For the rest of the session, viewers were treated to rare glimpses of their MPs living rooms, bedrooms, home studies and nostrils.
Political obsessives on Twitter were transfixed by how some lawmakers opted to wear suits, despite working from home, their choices of home decor and what they deemed appropriate to have in the backdrop. Highlights included: Vintage footballs on top of a varnished table, a bedroom that looked very similar to a budget hotel and the jaunty angle at which Labour frontbencher Stephen Kinnock decided to stand in front of his iPad.
Among those not physically present was the Prime Minister himself. Boris Johnson has been delegating to his deputy, Dominic Raab, who is recovering since being hospitalized by the virus.
But everyone’s eyes were on the occupant of the opposite seat — Keir Starmer, the newly elected leader of the opposition Labour Party, whose first outing at PMQs was keenly awaited by political observers.
Traditionally, any new leader’s first appearance is met with a raucous cheers from their own benches and pantomime jeers from those opposite. But the relative quiet and emptiness of the Commons chamber was perhaps the most striking element of Wednesday’s historic proceedings.
The stillness of the famously combative chamber took the sting out of many of the barbs tossed across the dispatch box. The most tense exchanged, in which Starmer accused the government of being “slow on lockdown, slow on testing, slow on protective equipment” and Raab responded by accusing the Labour leader of thinking he “knows better” than the government’s scientific advisers would under normal circumstances have had hundreds of lawmakers screaming their heads off and the Speaker calling for “order!”
And while many will have welcomed a more dignified weekly meeting of the nation’s legislative chamber, others will be concerned that it isn’t doing the best job of holding the government to account. Indeed, the British Parliament’s notorious hostility is thought by many inside it to be its most effective function.
It was already set to be a huge day in the nation’s response to the coronavirus crisis. Parliament had been in recess since March 25, shortly after Johnson reluctantly put the nation into lockdown. In that time, Johnson himself has been hospitalized by the virus and his government’s response to the crisis has been under fire.
The charge sheet against the government is exhaustive, from failing to provide personal protective equipment to healthcare workers on the frontline to sluggish testing and serious underreporting of numbers.
While all sides agreed that Wednesday’s virtual PMQs was broadly a success, opposition lawmakers remain concerned that social distancing is making the job of scrutinizing the government harder than ever during a crisis.
And however well one session of questions to a stand-in Prime Minister went, the British Parliament is still a long way from back to working as normal. And it remains utterly unclear as to when its most famous feature will return: the yelling.

Let’s block ads! (Why?)



Source link

Politics

Review finds no case for formal probe of Beijing’s activities under elections law

Published

 on

 

OTTAWA – The federal agency that investigates election infractions found insufficient evidence to support suggestions Beijing wielded undue influence against the Conservatives in the Vancouver area during the 2021 general election.
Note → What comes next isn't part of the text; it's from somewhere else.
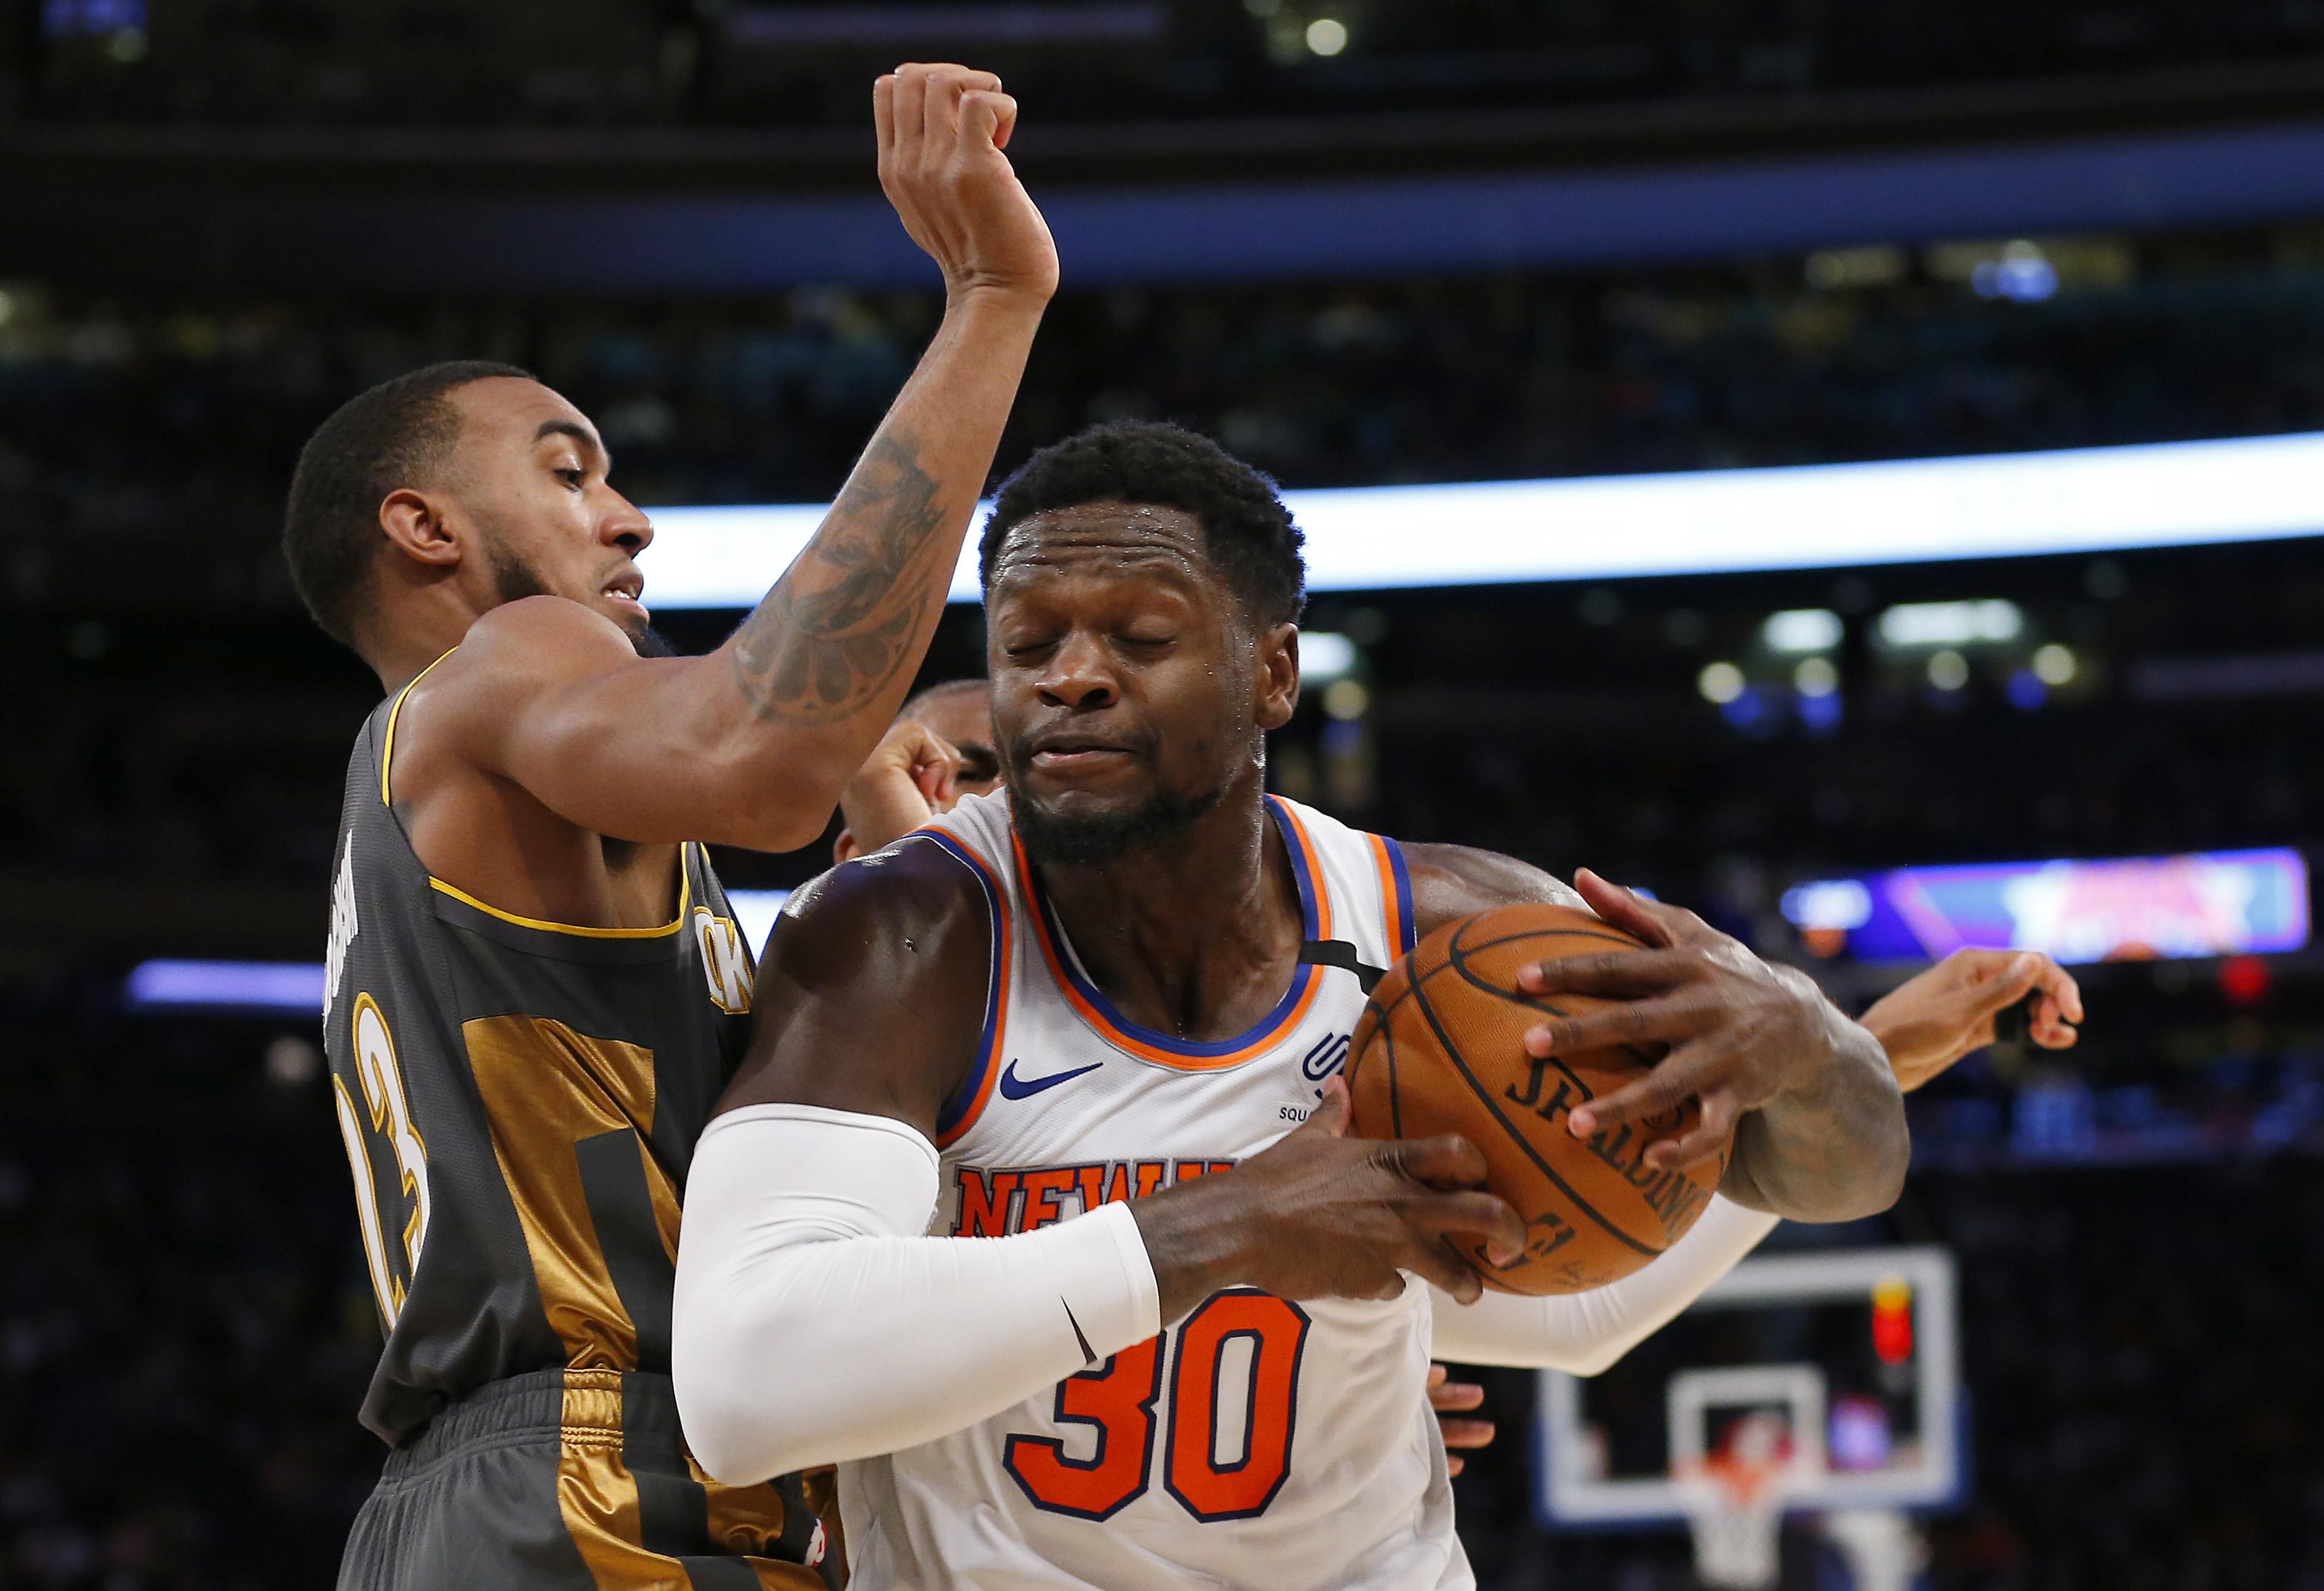 NBA: Oklahoma City Thunder at New York Knicks

The Commissioner of Canada Elections’ recently completed review of the lingering issue was tabled Tuesday at a federal inquiry into foreign interference.

The review focused on the unsuccessful campaign of Conservative candidate Kenny Chiu in the riding of Steveston-Richmond East and the party’s larger efforts in the Vancouver area.
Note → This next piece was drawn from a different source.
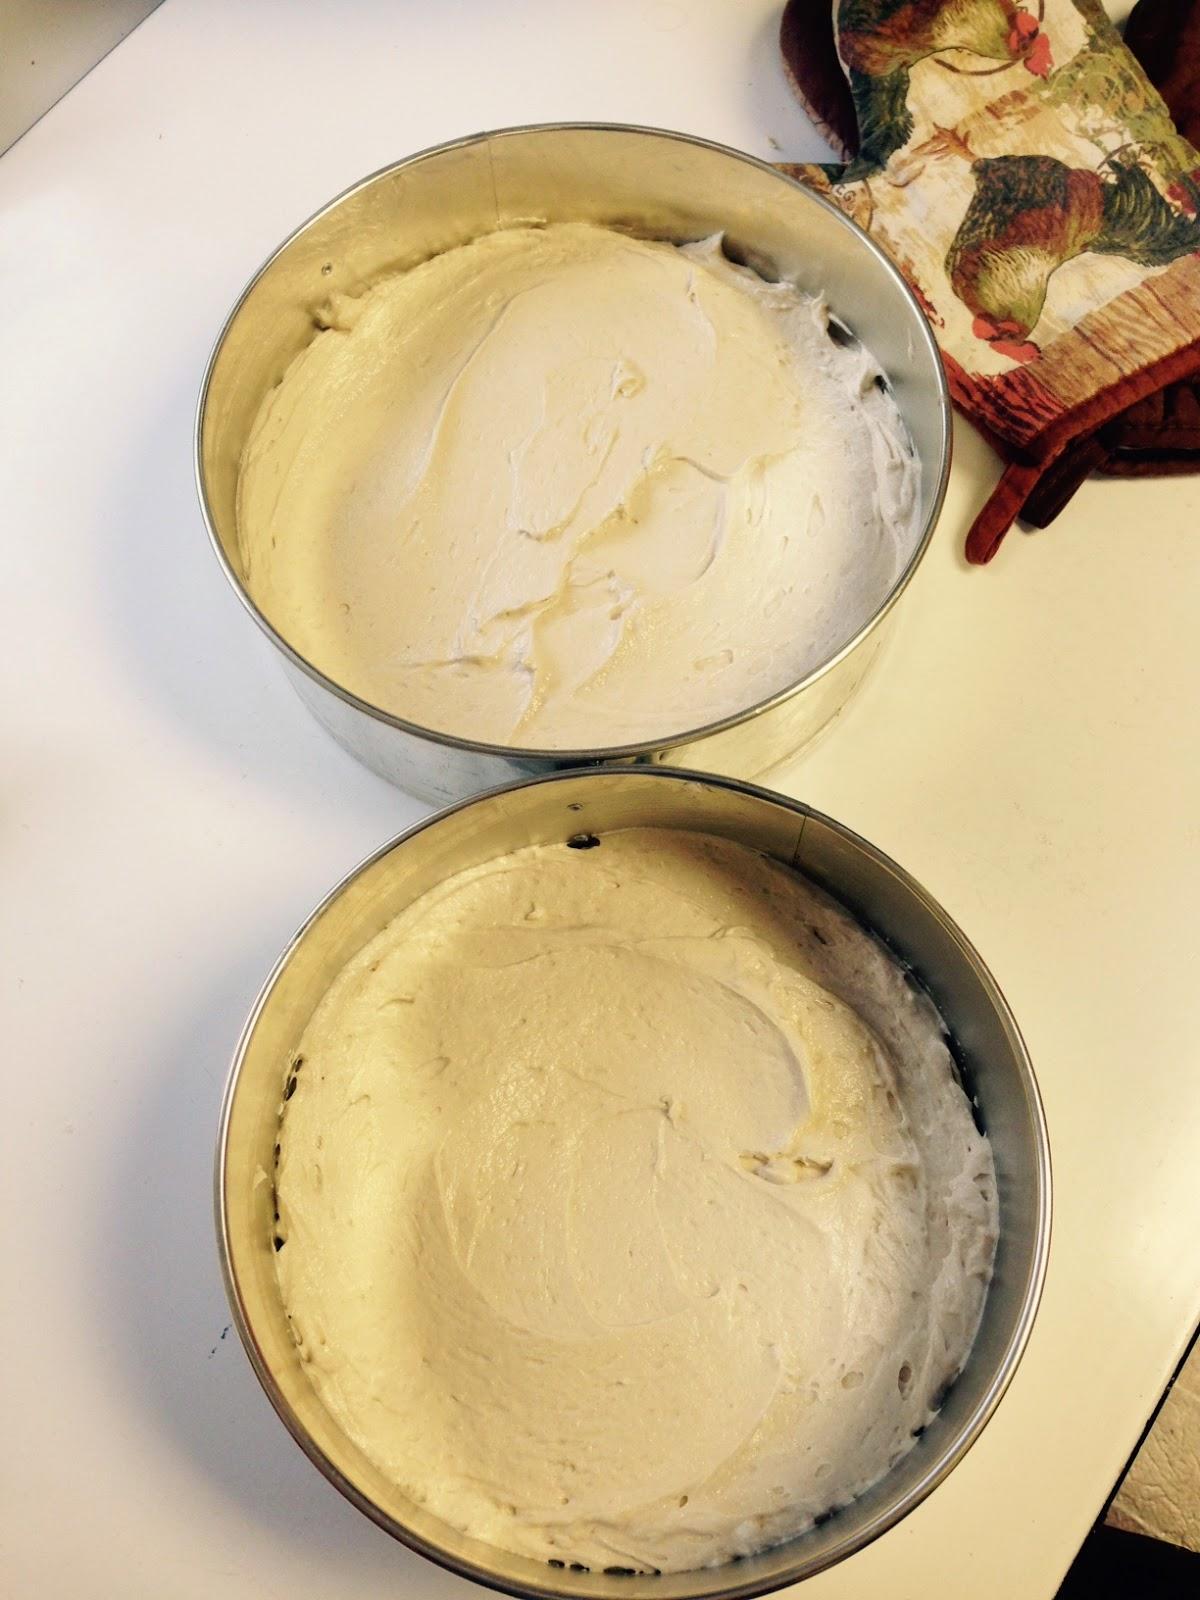 Use Smaller Cake Pan To Cut Larger Cake

It says the evidence uncovered did not trigger the threshold to initiate a formal investigation under the Canada Elections Act.
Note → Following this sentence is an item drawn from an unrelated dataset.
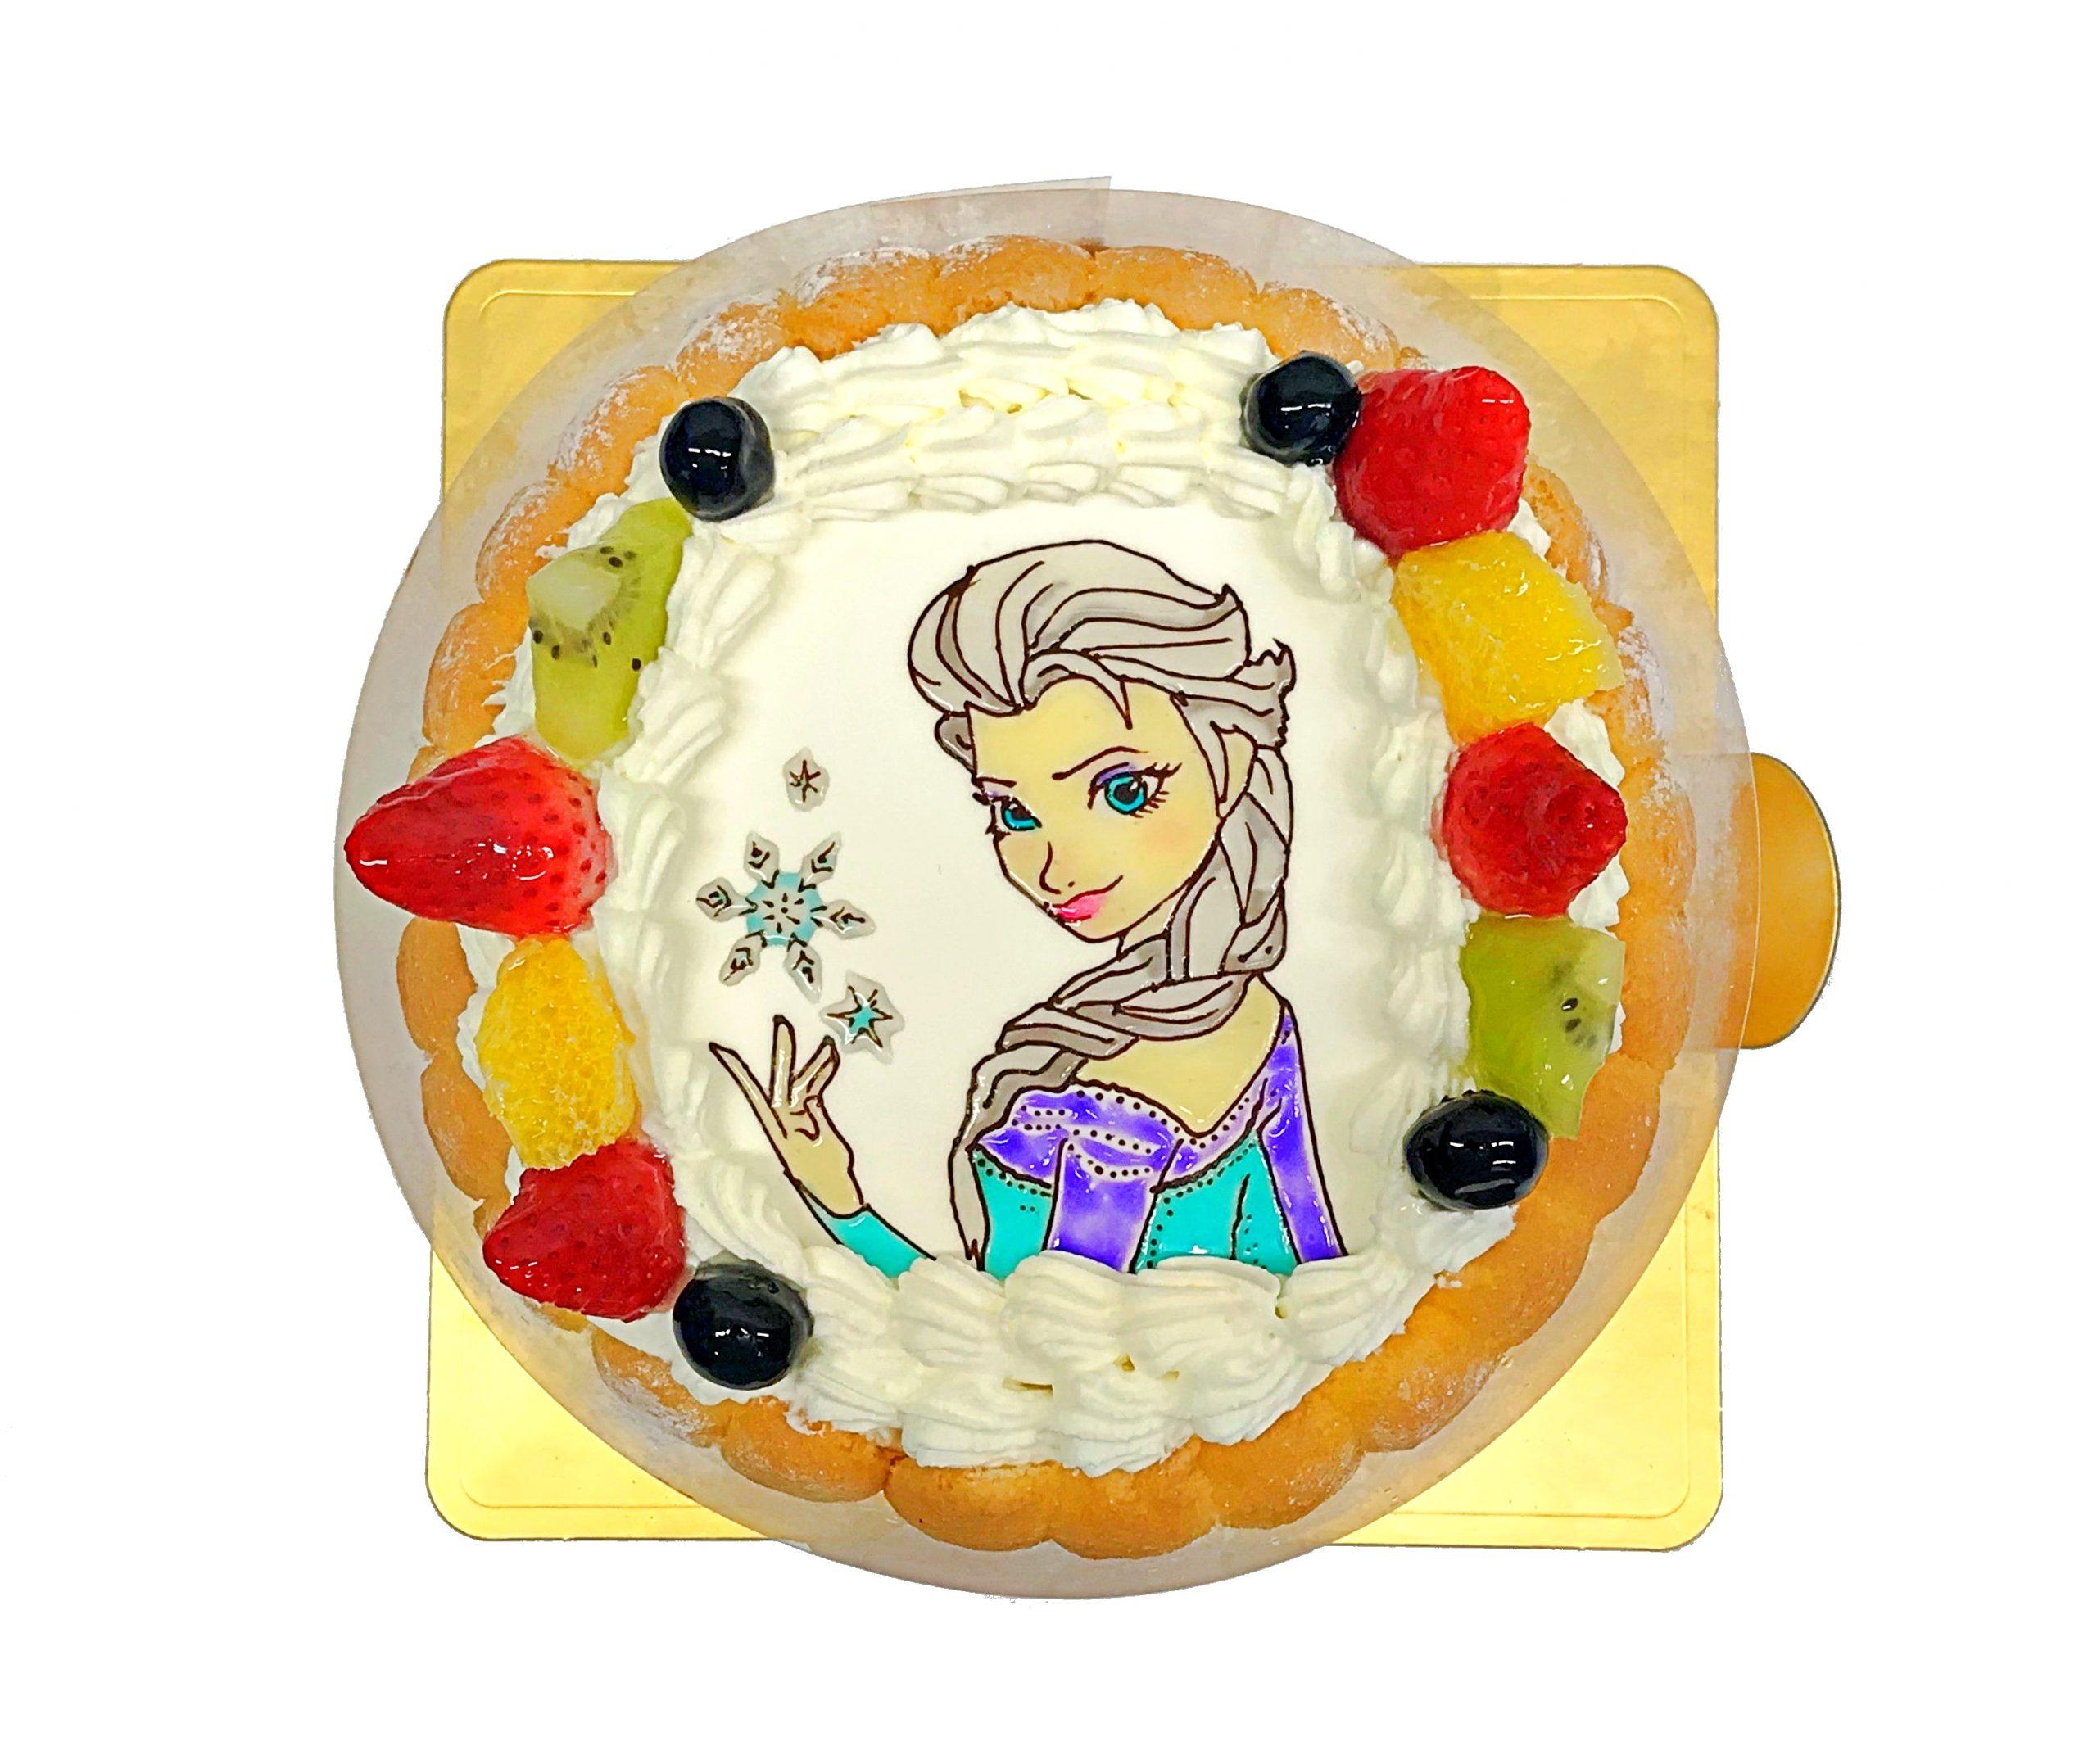 アナと雪の女王 ディズニー エルサ女王

Investigators therefore recommended that the review be concluded.

A summary of the review results was shared with the Canadian Security Intelligence Service and the RCMP. The review says both agencies indicated the election commissioner’s findings were consistent with their own understanding of the situation.

During the exercise, the commissioner’s investigators met with Chinese Canadian residents of Chiu’s riding and surrounding ones.

They were told of an extensive network of Chinese Canadian associations, businesses and media organizations that offers the diaspora a lifestyle that mirrors that of China in many ways.

“Further, this diaspora has continuing and extensive commercial, social and familial relations with China,” the review says.

Some interviewees reported that this “has created aspects of a parallel society involving many Chinese Canadians in the Lower Mainland area, which includes concerted support, direction and control by individuals from or involved with China’s Vancouver consulate and the United Front Work Department (UFWD) in China.”

Investigators were also made aware of members of three Chinese Canadian associations, as well as others, who were alleged to have used their positions to influence the choice of Chinese Canadian voters during the 2021 election in a direction favourable to the interests of Beijing, the review says.

These efforts were sparked by elements of the Conservative party’s election platform and by actions and statements by Chiu “that were leveraged to bolster claims that both the platform and Chiu were anti-China and were encouraging anti-Chinese discrimination and racism.”

These messages were amplified through repetition in social media, chat groups and posts, as well as in Chinese in online, print and radio media throughout the Vancouver area.

Upon examination, the messages “were found to not be in contravention” of the Canada Elections Act, says the review, citing the Supreme Court of Canada’s position that the concept of uninhibited speech permeates all truly democratic societies and institutions.

The review says the effectiveness of the anti-Conservative, anti-Chiu campaigns was enhanced by circumstances “unique to the Chinese diaspora and the assertive nature of Chinese government interests.”

It notes the election was prefaced by statements from China’s ambassador to Canada and the Vancouver consul general as well as articles published or broadcast in Beijing-controlled Chinese Canadian media entities.

“According to Chinese Canadian interview subjects, this invoked a widespread fear amongst electors, described as a fear of retributive measures from Chinese authorities should a (Conservative) government be elected.”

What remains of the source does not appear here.